» Exercise data:
------------------------------------
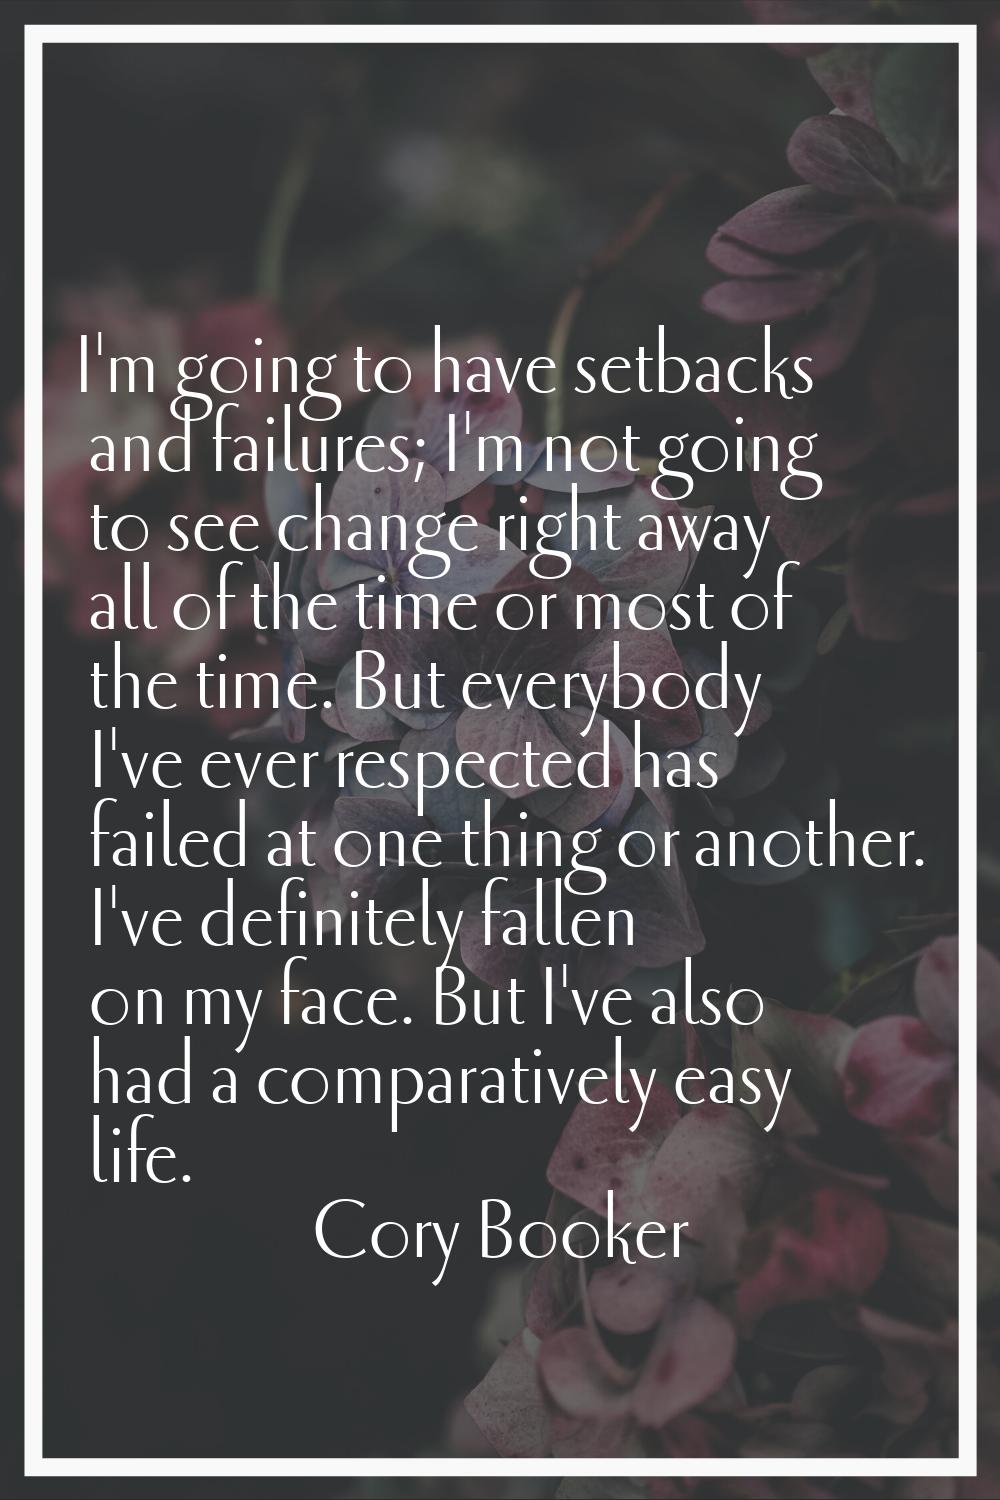 I'm going to have setbacks and failures; I'm not going to see change right away all of the time or 
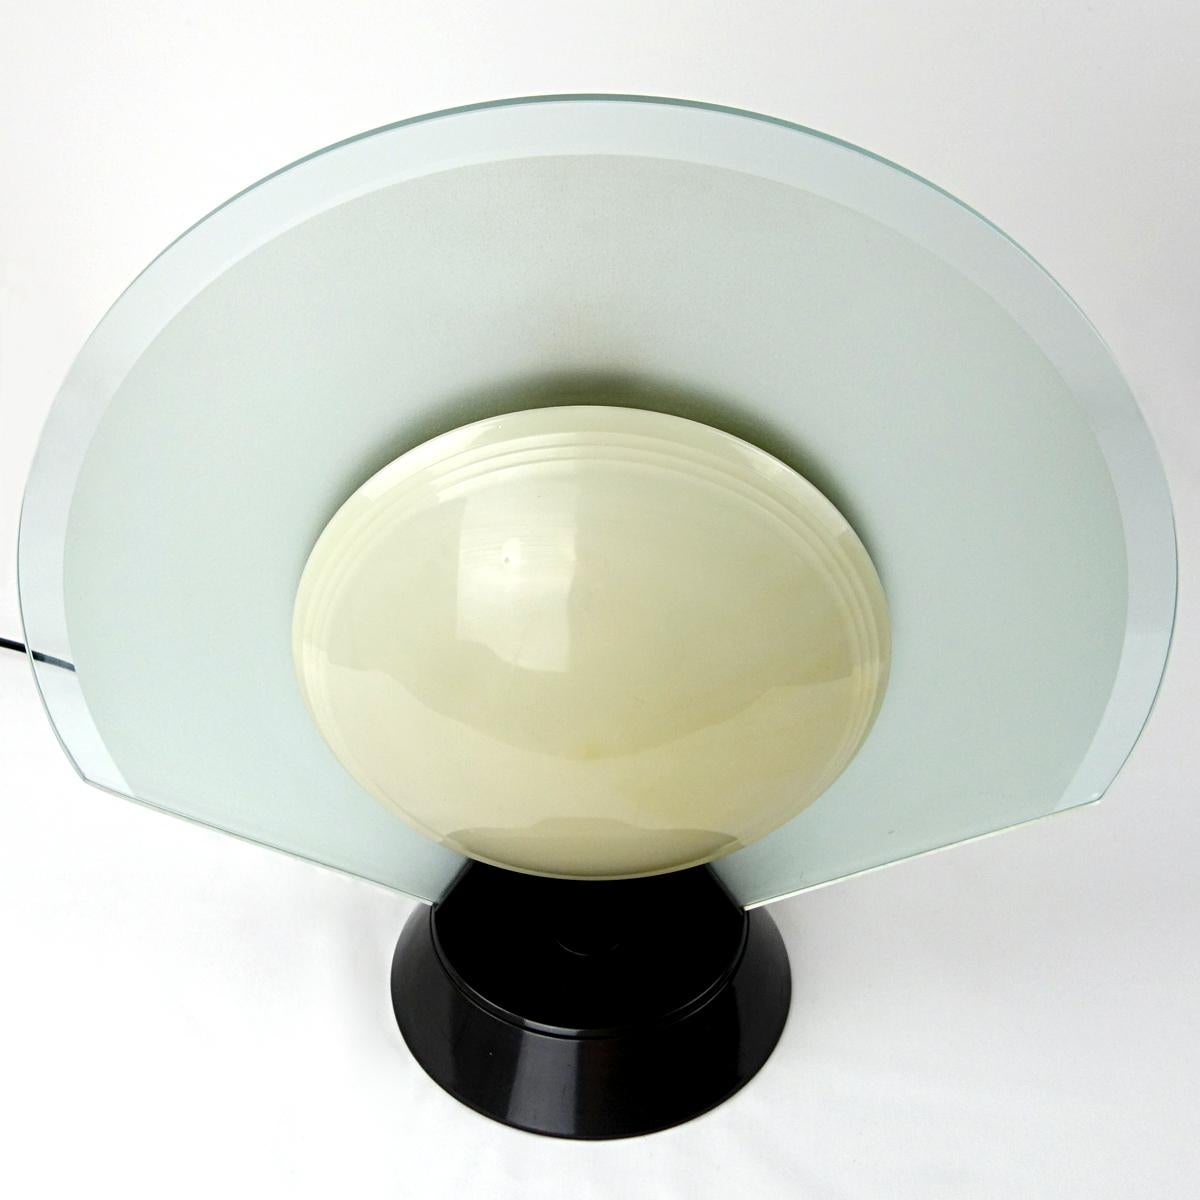 Table lamp Tikkal was designed by Pier Giuseppe Ramella for Arteluce circa 1980.
The fan shaped frosted glass shade may rotate on its base showing either an off-white convex plastic lens on one side or a soft gray lens on the other.
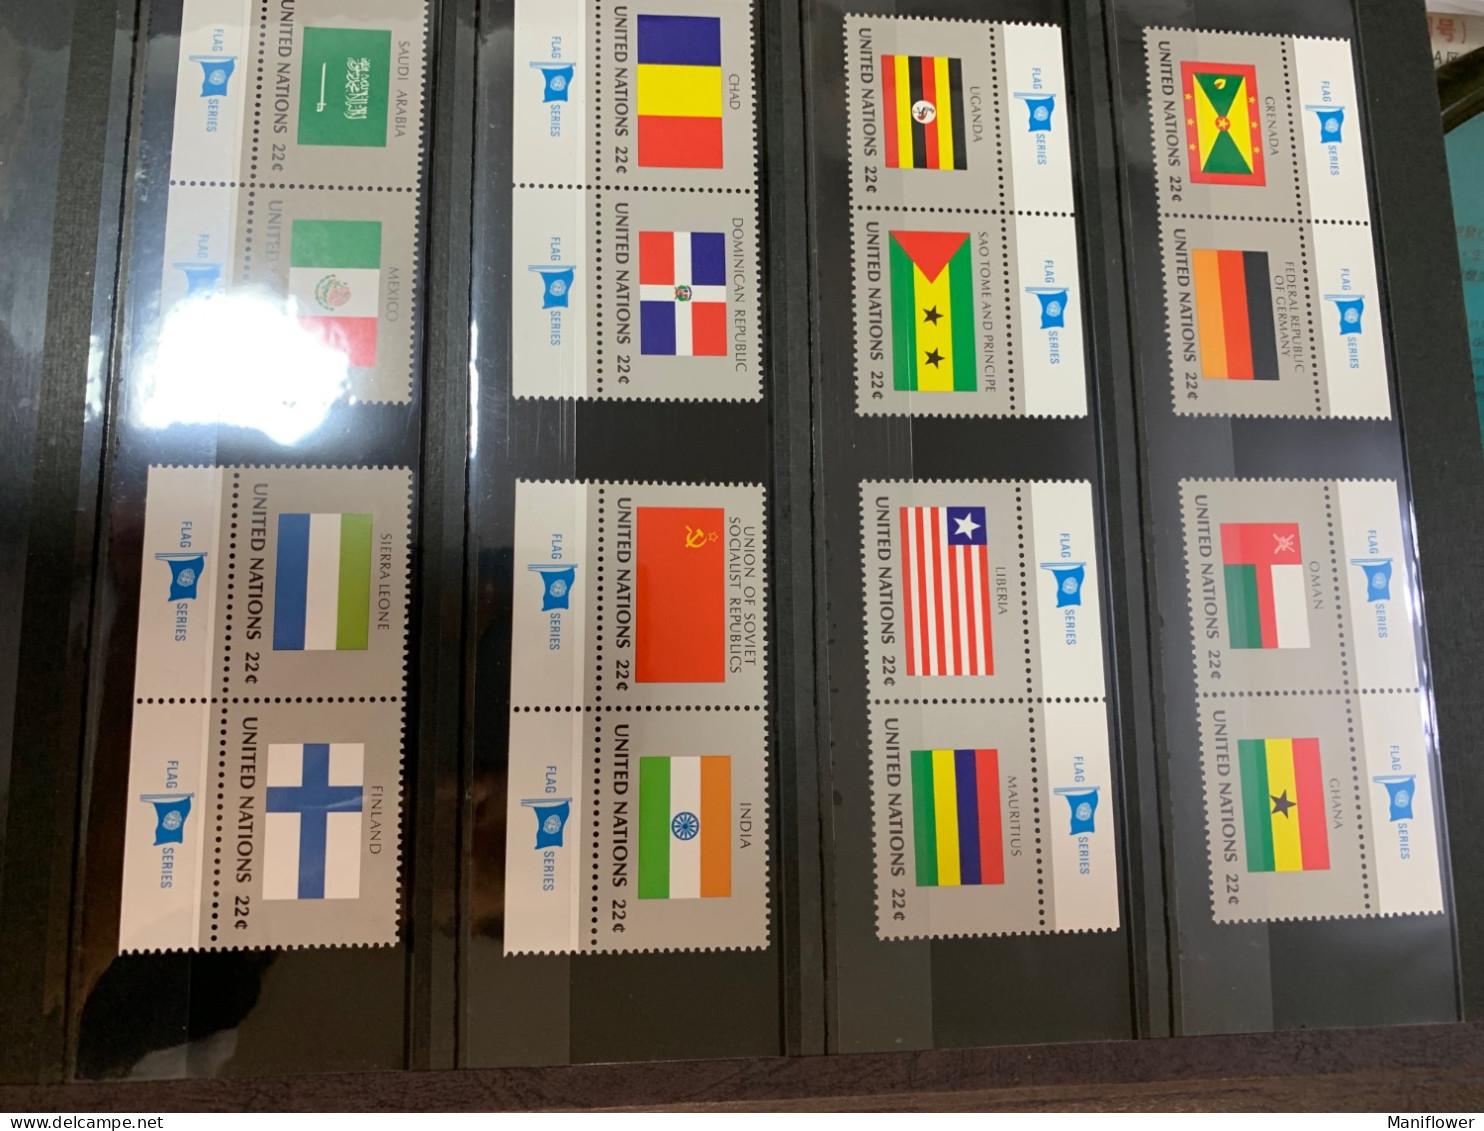 UN stamp flags collection MNH 7 pages sets in book
------------------------------------
» What you will do:
Drop every picture from the data, then output all the rest exactly.

» Task output:
 I'm going to have setbacks and failures; I'm not going to see change right away all of the time or 
 Table lamp Tikkal was designed by Pier Giuseppe Ramella for Arteluce circa 1980.
The fan shaped frosted glass shade may rotate on its base showing either an off-white convex plastic lens on one side or a soft gray lens on the other.
 UN stamp flags collection MNH 7 pages sets in book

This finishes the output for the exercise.